Sounds like _Converse2007 _targeted specific users with this _PM_. Not everybody received the _PM _above. The same stuff was posted at least once and was deleted as being off topic by _Brendan_. I have drawn this issue ("spamming" of users by _PM_) to the attention of the moderators for consideration.


----------



## room305 (15 Oct 2007)

*Re: Eddie Hobbs new Brendan Investments vehicle*

_Presumably_, Converse/Refer/Whoever can only threaten defamation if they themselves have a vested interest in the BI scheme. Assuming this is the case, then it reflects very poorly on the scheme's creators that they would attempt to engage in what essentially amounts to cyber-bullying tactics.
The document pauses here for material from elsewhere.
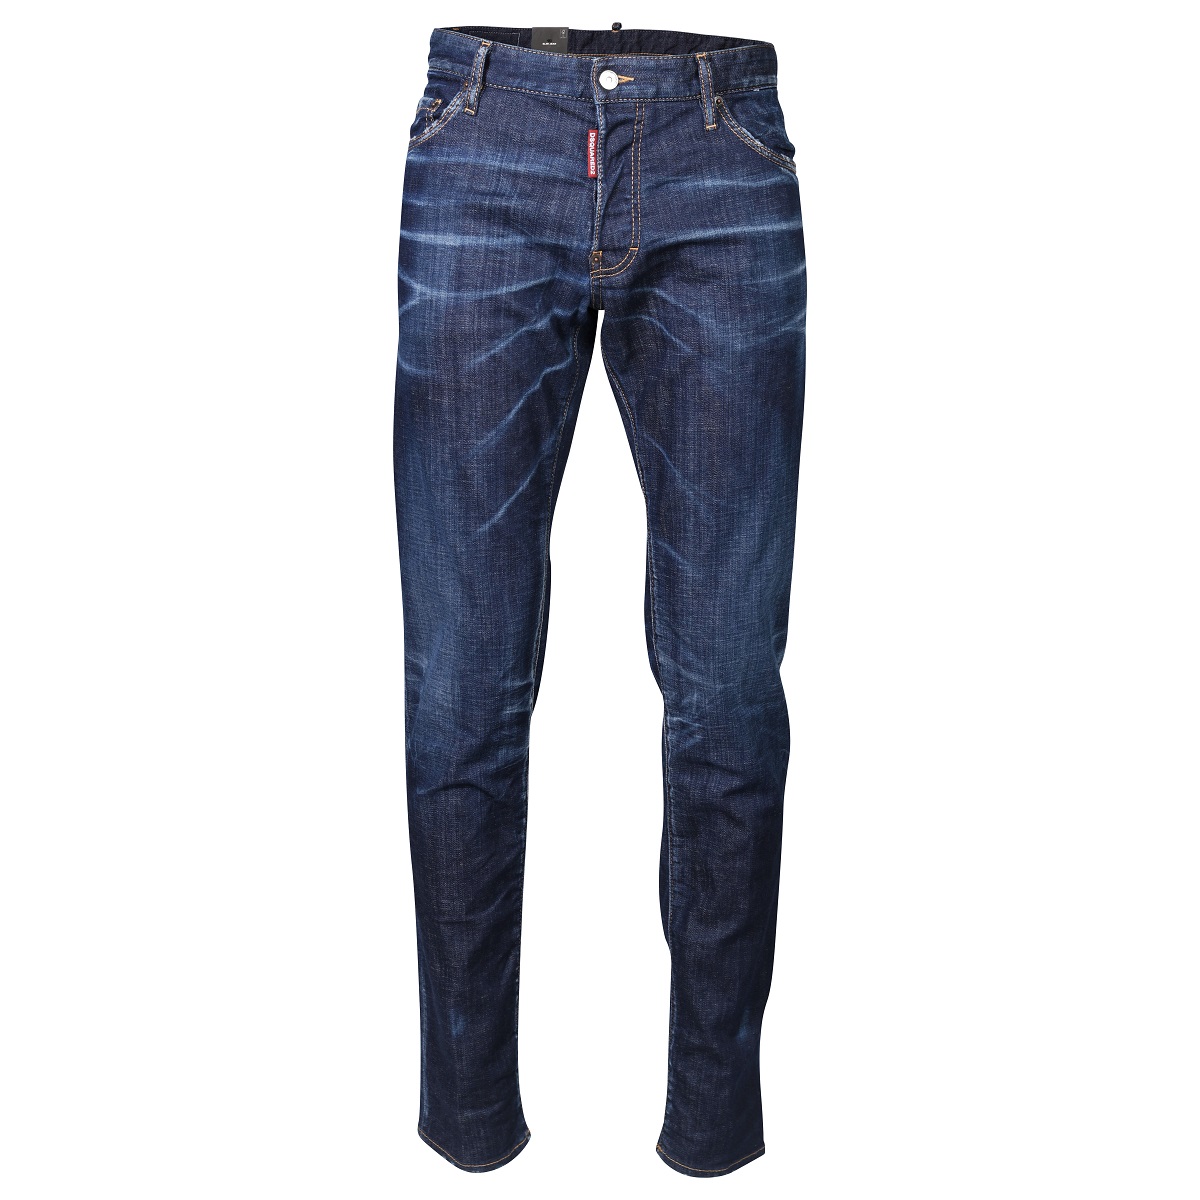 DSQUARED2 Jeans Slim in Washed Dark Blue 54

Reading between the lines and this is only my own opinion here, I'd say that it points to some rather serious unease with the performance of the offering.


----------



## Duke of Marmalade (15 Oct 2007)

*Re: Eddie Hobbs new Brendan Investments vehicle*

See further correspondence from Refer.



> I am not Converse but I have read your contribution to the discussion on BI. Despite the fact that other examples of schemes with similar and higher charges were introduced as demanded in the initial part of the debate, these were ignored. For some reason that escapes me, much of the BI criticism was personalised to Hobbs and was malicious. You yourself described it as a rip off before it was edited. A copy has been retained. BB described it as misappropriate selling,taking a similar vein.
> 
> The facts are that the directors of BI have a case for defamation imho. This is particularly because the facts introduced were simply ignored and no attempt was made to modify the malicious criticism. AAM is just like any other publisher and broadcaster and is open to litigation as are the contributors.


 
I have been advised by my legal team that a wounded Hydra can be a very dangerous beast.

I hereby withdraw all negative comment on BI. It is a truly wonderful scheme whose huge potential has been commendably understated by its promoters.

Whilst its promoters stand to make financial gain, I accept fully that their primary motivation is to enfranchise the broader population who, without this innovative breakthrough, would be denied the gravy normally preserved for the inner circle.

_Eppur si muove_


----------



## room305 (15 Oct 2007)

*Re: Eddie Hobbs new Brendan Investments vehicle*

I have never commented on the specifics of the BI scheme, just on what seems to be a fairly co-ordinated attack on any posters here who dare to criticise it. However, I did receive this private message from Refer.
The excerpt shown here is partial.